From Fig. 5 as well 1ΔN(D) as 2ΔH(D) isotope effects can be measured. The isotope effects turned out to be very similar for both what the crystal structure had indicated could be salt bridges and those not. So the conclusion as seen in Fig. 6 is that no salt bridges is to be found in protein G B1 domain.
Figure 6. Crystal structure of protein G B1 domain. The three salt bridges 35-36, 55-58 and 12-23 are crossed over as they do not exist in solution. From Ref. 5 with permission from the American Chemical Society
In contrast to protein G, salt bridges could be established in barnase in solution. Lysine 27 forms a salt bridge to Aspartic acid 54. Furthermore, if Arg 69 is mutated to Lys69, the latter also forms a salt bridge. Especially 2ΔH(D) is a good indicator as this becomes more negative when forming a salt bridge. In the absence of a salt bridge 1ΔN(D), 2ΔH(D):0.363 +-0.004 ppm, -0.026+-0.003 ppm, whereas in the presence of a salt bridge: 0.352+-0.004 ppm, -0.033+-0.002 ppm. 
Salt bridges may also involve arginines. Isotope effects were measured in the L99 mutant of T4 lysozyme. 
Iwahara et al.  demonstrated a salt bridge between lysine side-chains and the phosphate groups of DNA in the homeodomain-DNA complex also observing a 1ΔN(D).

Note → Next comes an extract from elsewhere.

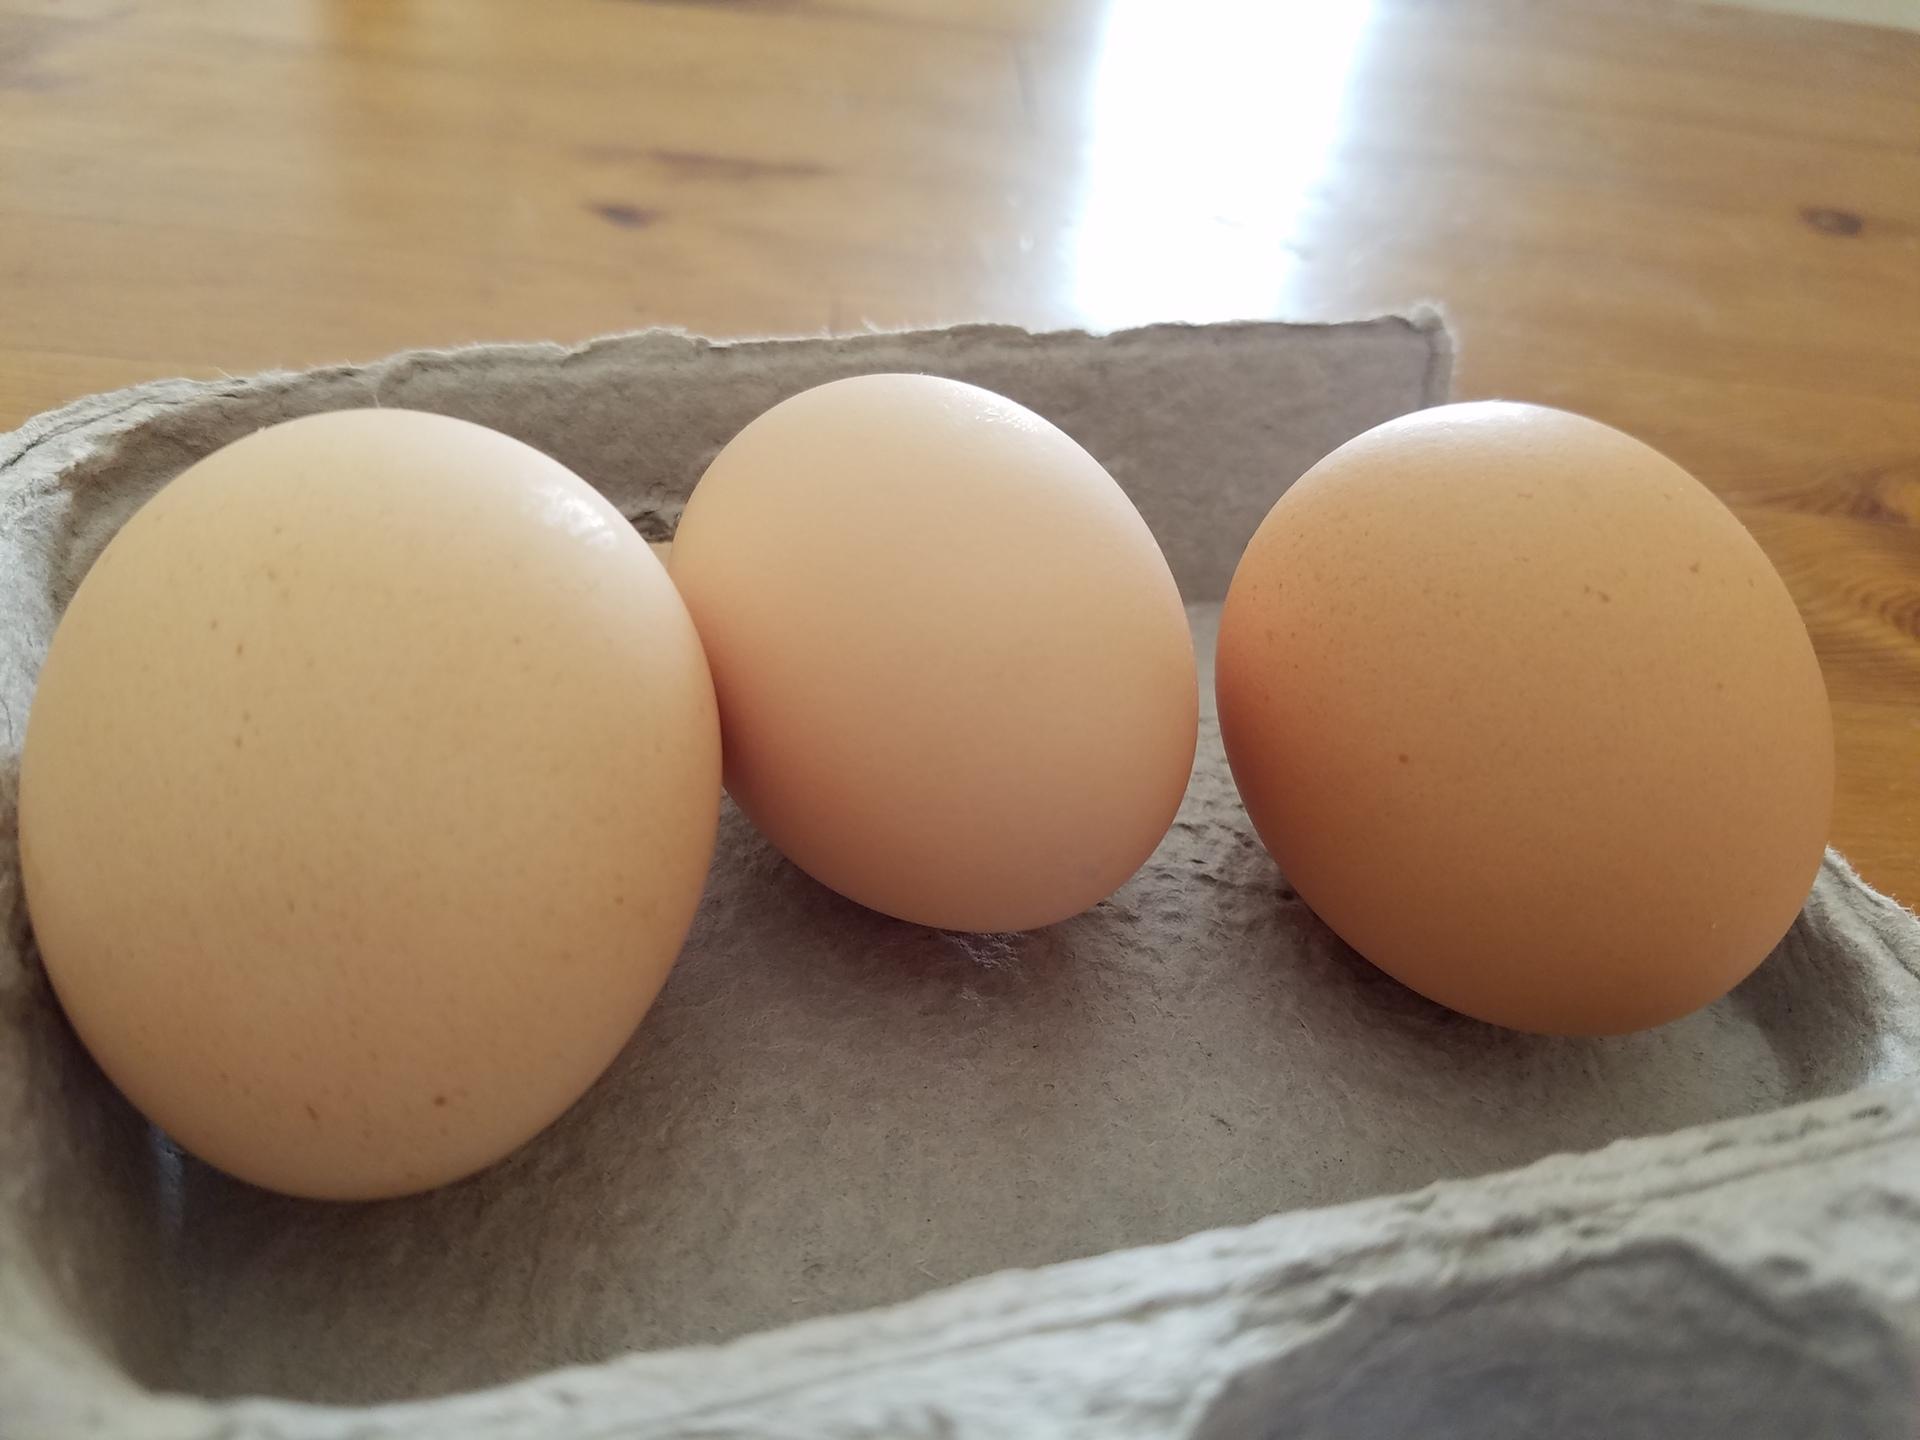 Eatwell eggs

Theoretical calculations of isotope effects on chemical shifts can be based on the Jameson approach.  For ammonium ions this is shown in Table 1. The isotope effects on chemical shifts are calculated by shortening the NH bond length mimicking a ND bond.
Table 1. 1ΔN(D) and 2ΔH(D) of deuteriated ammonium ion complexed either with ammonia or water molecule (figure). Taken from Ref. 8 with permission from the Danish Chemical Society.
From Table 1 it is seen that 1ΔN(D) decreases as either ammonia or water is moving closer to the ammonium and for 2ΔH(D) even a change in sign is seen. This approach has also been used for protein G B1 domain.  A more recent approach is to calculate isotope effects by a direct treatment of the H/D effect using a multicomponent ab initio molecular orbital method.